Coast Guard searching for Marines after two helicopters collide near Oahu

Jan. 15, 2016
OAHU, HAWAII, 15 Jan. 2016. Two U.S. Marine Corps. CH-53 helicopters, each with six Marines on board, collided off the coast of Oahu, Hawaii, early this morning, according to U.S. Coast Guard officials.

Unfortunate update:

U.S. Coast Guard officials have called off the search for survivors after two CH-53 military helicopters went down off the coast of Hawaii on 14 Jan. 2016 during a training mission.
The U.S. Marines Corps are taking over recovery and salvage efforts going forward. Capt. James Jenkins, commander of the Coast Guard’s 14th District, delivered the news, saying “the decision to suspend the search without finding survivors was particularly difficult.”
The thoughts and condolences of the global aerospace and defense community are with all those affected.

OAHU, HAWAII, 15 Jan. 2016. Two U.S. Marine Corps. CH-53 helicopters, each with six Marines on board, collided off the coast of Oahu, Hawaii, early this morning, according to U.S. Coast Guard officials.

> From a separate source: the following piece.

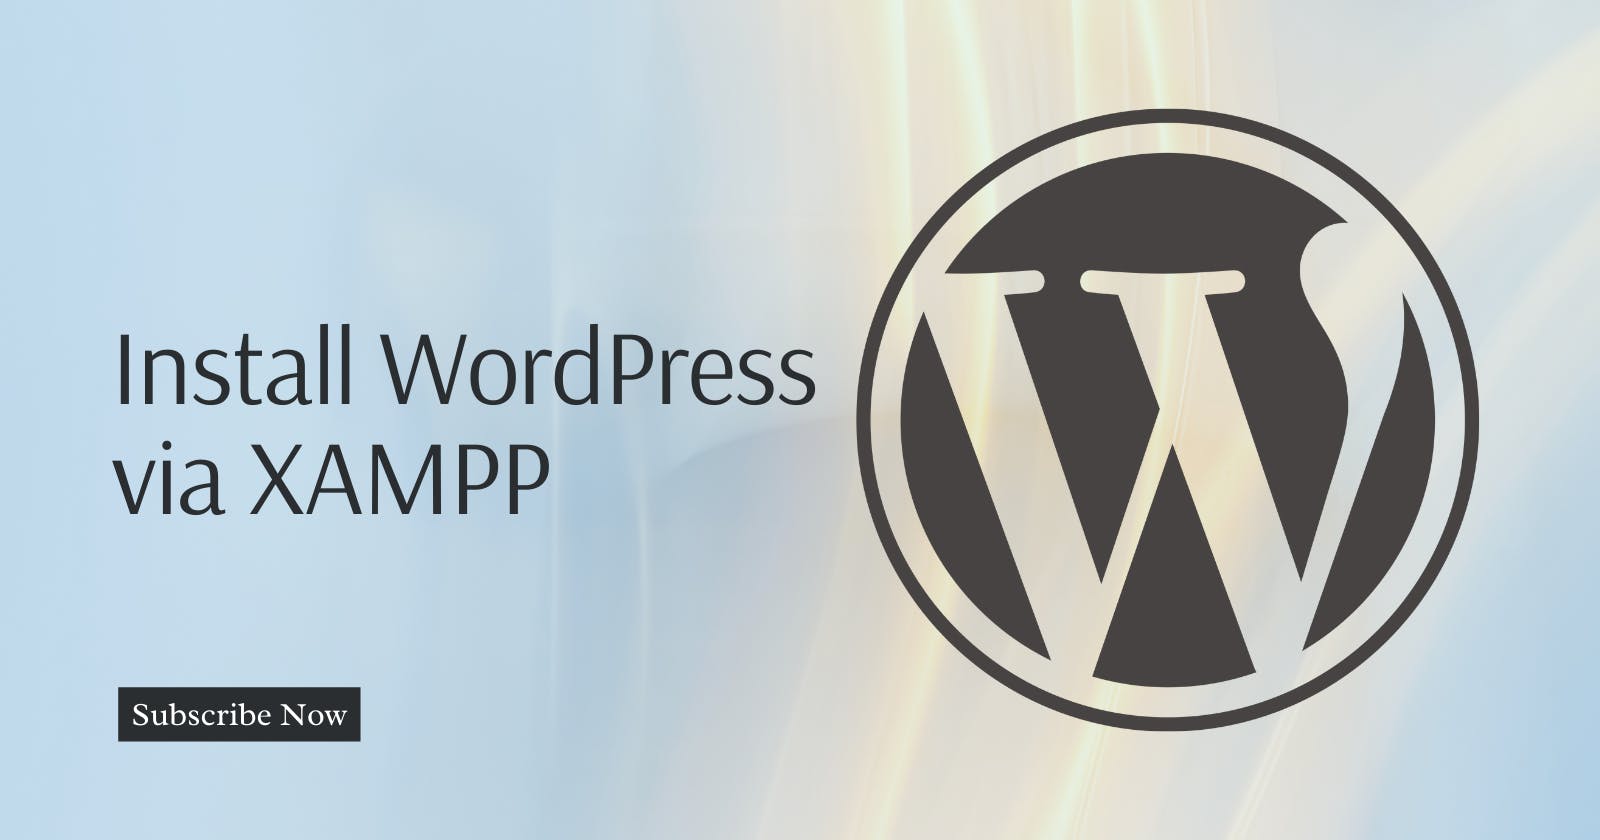 Introduction to WordPress and Setting up Development Environment Using XAMPP

"The Marine Corps can confirm there is an active search-and-rescue operation ongoing for two CH-53E helicopters off the coast of Oahu. The U.S. Coast Guard is currently conducting search and rescue operations. The aircraft are from Marine Heavy Helicopter Squadron 463, Marine Aircraft Group 24, 1st Marine Aircraft Wing from Marine Corps Base Hawaii,” says Maj. Christian Devine, U.S. Marine Corps.

"Marine Corps Forces Pacific are currently working with the U.S. Coast Guard District 14 in ongoing search and rescue operations for two Marine CH-53E helicopters that were conducting a training flight off the coast of Oahu. We can confirm there are 12 Marines currently unaccounted for as a result of this incident, and officials will provide more details as they become available,” Maj. Devine adds.

The Sikorsky CH-53E Super Stallion heavy-lift helicopter of the Marine Corps can carry a 26,000-pound Light Armored Vehicle, 16 tons of cargo 50 miles and back, or enough combat-loaded Marines to lead an assault or humanitarian operation; but perhaps what's most amazing about the largest military helicopter in the U.S. is what it achieves despite its size. Though powerful enough to lift every aircraft in the Marine inventory except the KC-130, the CH-53E Super Stallion is compact enough to deploy on amphibious assault ships, and has the armament, speed and agility to qualify as much more than a heavy lifter.

Intelligent Aerospace editors continue to follow and report on this tragic news. Our thoughts are with all those affected, and we appreciate all those involved in the search for the missing Marines.